→ **WHAT THE TASK ASKS**:
Images are not wanted; transcribe the rest of the listing exactly.

→ **MATERIAL PROVIDED**:
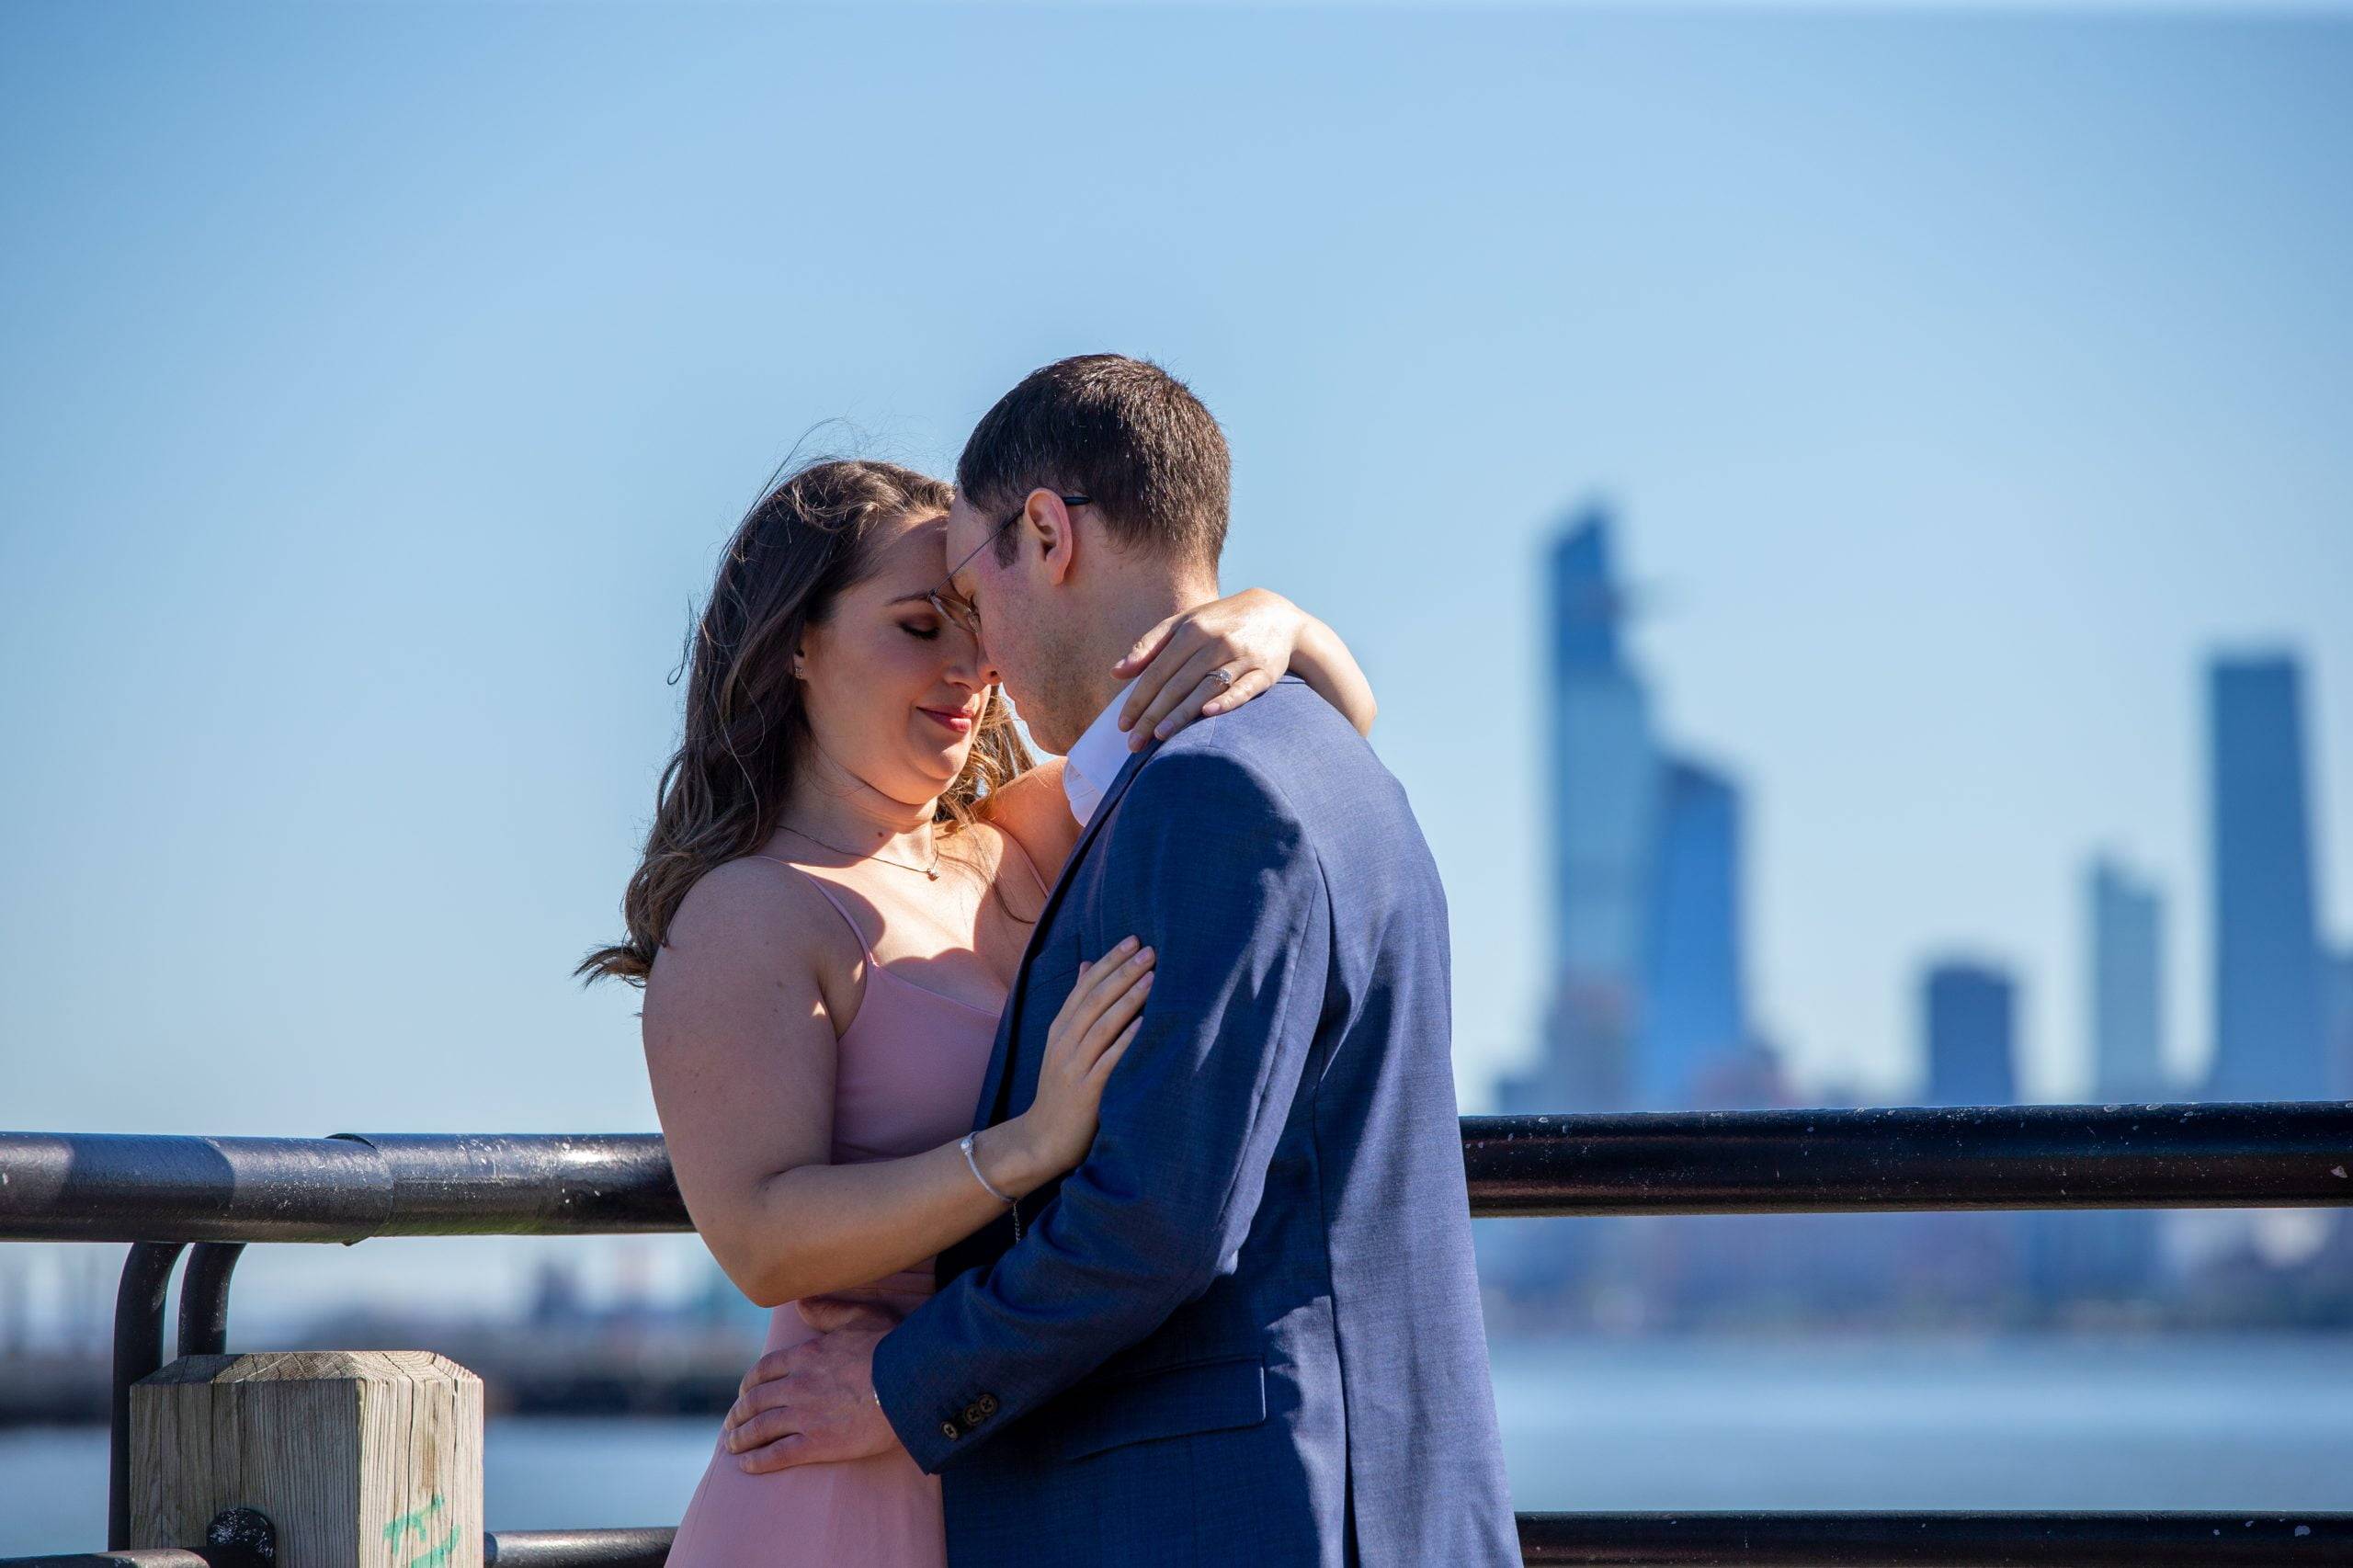 A couple embraces on a pier with the city skyline in the background.
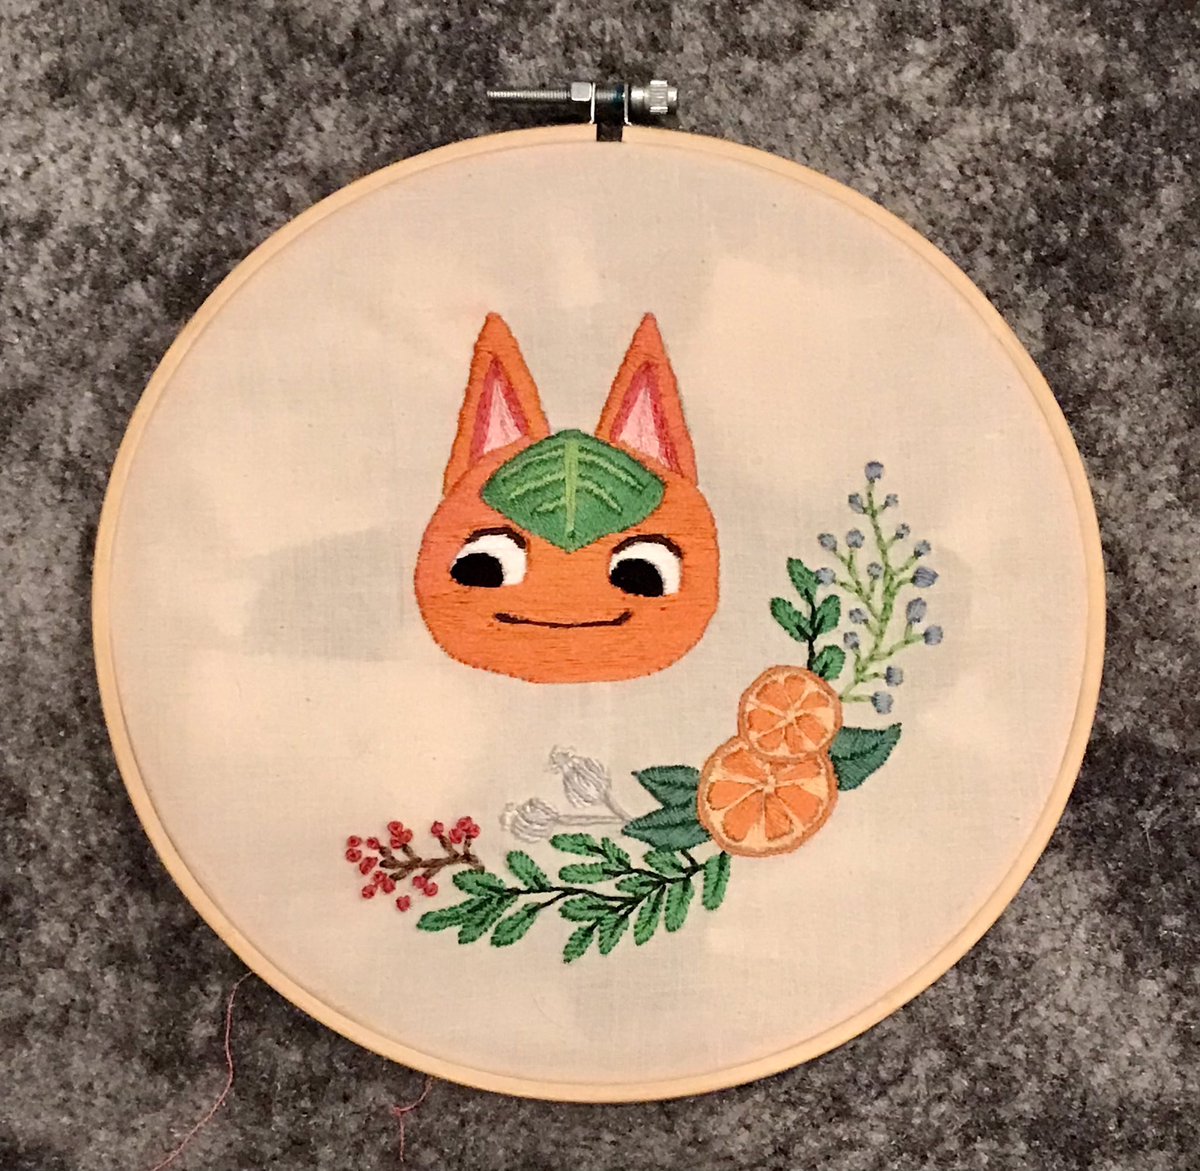 I needed a break from my needlepainting embroidery project so I ended up finishing her just now 🥺 sloppy in some areas, but still pretty cute I’d say 
#ACNH #AnimalCrossing

→ **RESULT**:
 A couple embraces on a pier with the city skyline in the background.
 I needed a break from my needlepainting embroidery project so I ended up finishing her just now 🥺 sloppy in some areas, but still pretty cute I’d say 
#ACNH #AnimalCrossing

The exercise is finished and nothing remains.